1. "Within the next generation I believe that the world’s leaders will discover that infant conditioning and narco-hypnosis are more efficient, as instruments of government, than clubs and prisons, and that the lust for power can be just as completely satisfied by suggesting people into loving their servitude as by flogging them and kicking them into obedience."
    -
    Aldous Huxley, quoted by AZspot and cited by Daniel Holter (who are both great). I have never cared for this form of analysis, which establishes a perceiving elect -generally the very educated- as capable of distinguishing ‘authentic’ happiness from suggestible, hypnotized ersatz-happiness. Note the wording: the clever leaders can trick people into “loving” their servitude.

    Excellent analysis. You’re quite justified in deriding Huxley on this point: his philosophy is born of a sort of hipster aristocracy: a devious claim on the stewardship of the people through an elegant and compelling indictment of those perceived to be the “ruling class”.

    That said, however, I’m not with you on your vague endorsement of democracy and pop culture. It’s an easy turn to make: if everyone who rails against the current situation is a fascist, then the current situation must be justifiable, because I can think of nothing wrong with it that would not make me a fascist as well.

    But this is simply to concede the game to the tyranny of multiculturalism. I have no problem with television, junk food, vacation packages, digital cameras, etc. as such. Yet in your “respect” for the individual’s right in a democracy to choose these things you are denying that any kind of truth or wisdom can be sought in our confusing world.
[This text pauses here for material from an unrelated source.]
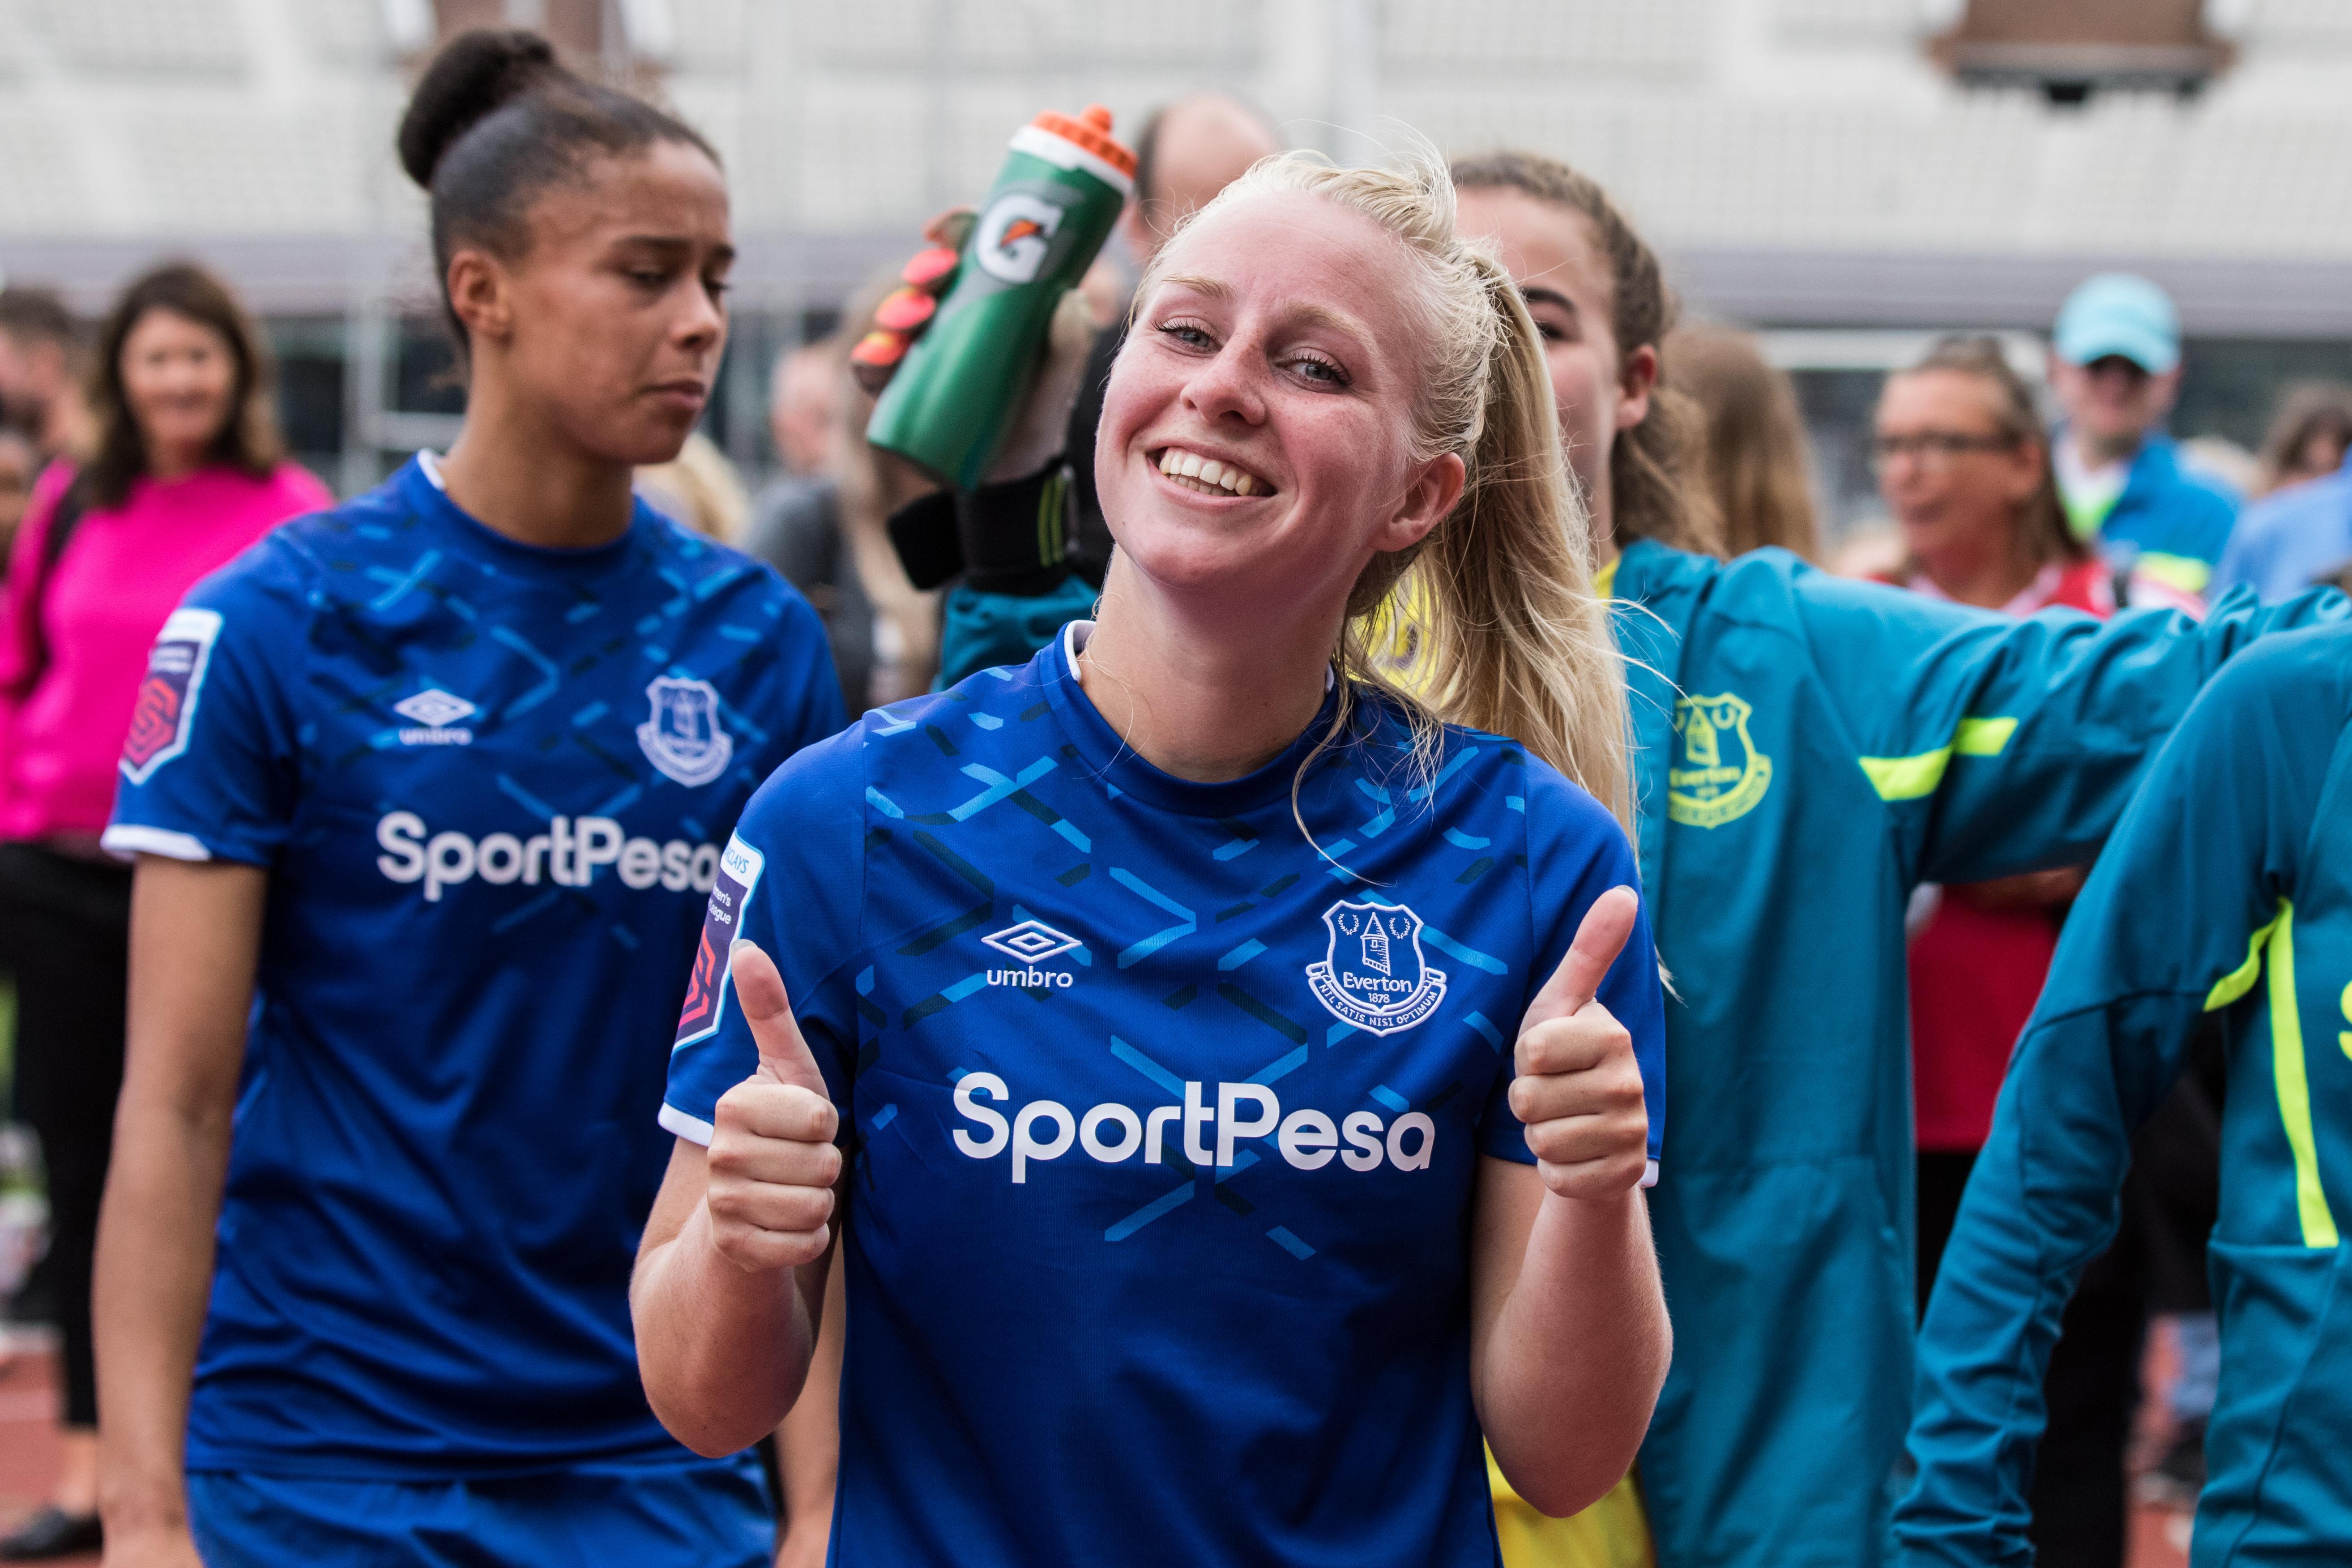 Zesvoudig international Inessa Kaagman vertrekt bij Engelse club Everton: 'Het is tijd voor een volgende stap' [video]

    I don’t think that anything Huxley ever said justifies him in committing violence against his fellow-man in a democracy, no matter how abhorrent the political situation surrounding him was. But that’s just the thing: he didn’t start throwing (nor did he directly get others to start throwing) bombs. How many other philosophies can lay claim to this distinction?

    In the end, we are better for Huxley’s writing if it makes us question our material-technological surroundings and the modes of control they create.